Why Apple’s red iPhones are not ‘Red’ in China
Apple’s latest iPhone might be red, but it’s not Red in China. The special-edition version of the iPhone 7 and 7plus goes on sale in more than 40 countries, but China has done it slightly differently. The BBC explains why.
What is Red about?
Red is a charity looking to combat Aids and was originally founded by U2 musician Bono and activist Bobby Shriver. It gives the money it raises to the Global Fund for HIV/Aids that doles out grants.
This includes providing testing and treatment for patients with the aim of wiping out transmission of HIV. Apple is the world’s largest corporate donor to the Global Fund.
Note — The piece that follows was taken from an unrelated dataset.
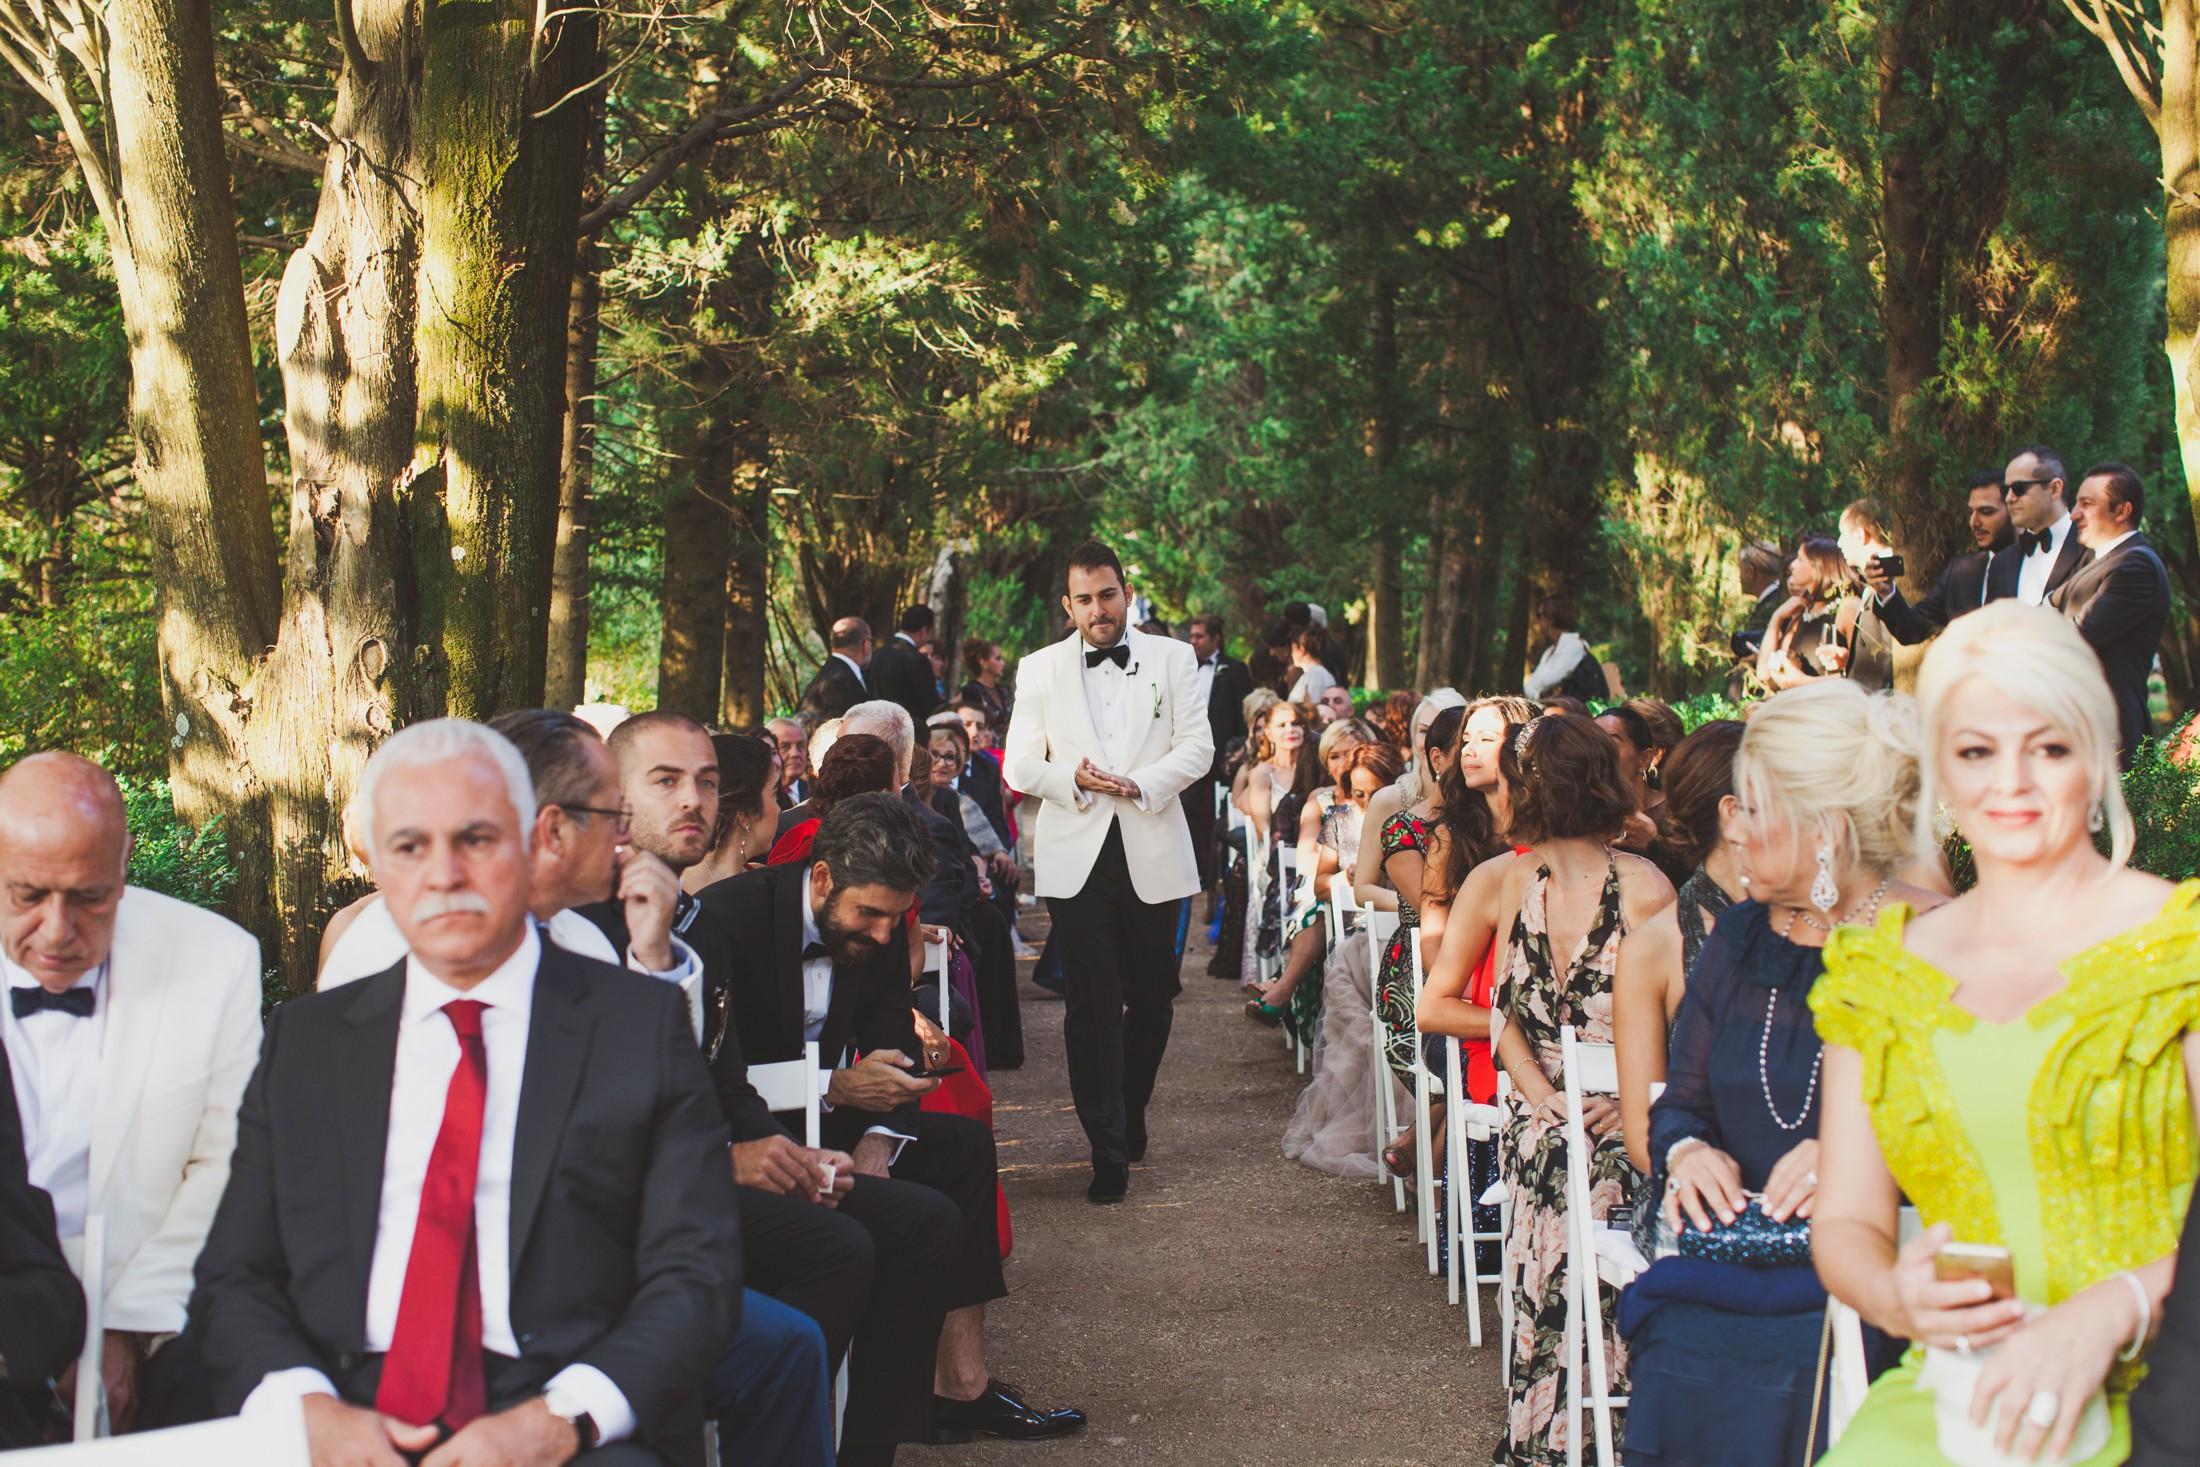 luxury wedding the groom arrives at the wedding ceremony in villa cimbrone ravello

The special-edition devices celebrate Apple’s long-running partnership with Red and a portion of the sales will go towards its relief operations in Africa.
But Apple’s Chinese-language sites don’t mention the product or cause. This left some perplexed.
Internet users were among the first to spot that there was different branding on Apple’s landing page depending on the Chinese territory.
When translated from Mandarin, Apple’s China retail website for the Red devices simply read as “now in red” while the Taiwanese site used the words “product” Red which the US and other countries have as well.
Some analysts read this as yet another example of Chinese politics interfering with Western brands looking to do business in the world’s most populous nation.
Apple had no comment on the matter.
So why the different name?
One possibility is that Apple is looking to navigate sensitivities in a state where messages are controlled: HIV/Aids and homosexuality remain taboo topics in China.
The first case of HIV in China was recorded in 1989. By 2000 the disease was found in most of China, and as it continued to spread, the government kept denying the problem.
Today discrimination against Aids patients is common.
Any other contentious issues?
Well there’s the Dalai Lama.
Earlier this year Red’s Instagram page showed a picture of the Tibetan spiritual leader, whom China considers a dangerous separatist.
How will Red do in China?
Apple has faced numerous challenges in China of late, which may be one of the reasons why it is offering the Red iPhones as a colour option as opposed to a product.
Last year Apple’s online film and book services were shut down in China. Apple was also made to pull the New York Times from the China App store following a request from the authorities.
But the red iPhones are poised to sell well because the colour is considered to be the most auspicious in Chinese culture and it is considered a prestige product there.
The tech behemoth is clearly trying to maintain relations with its fastest-growing sales region.
Apple chief executive Tim Cook has been making semi-regular trips to China and is opening four research and development centres later this year.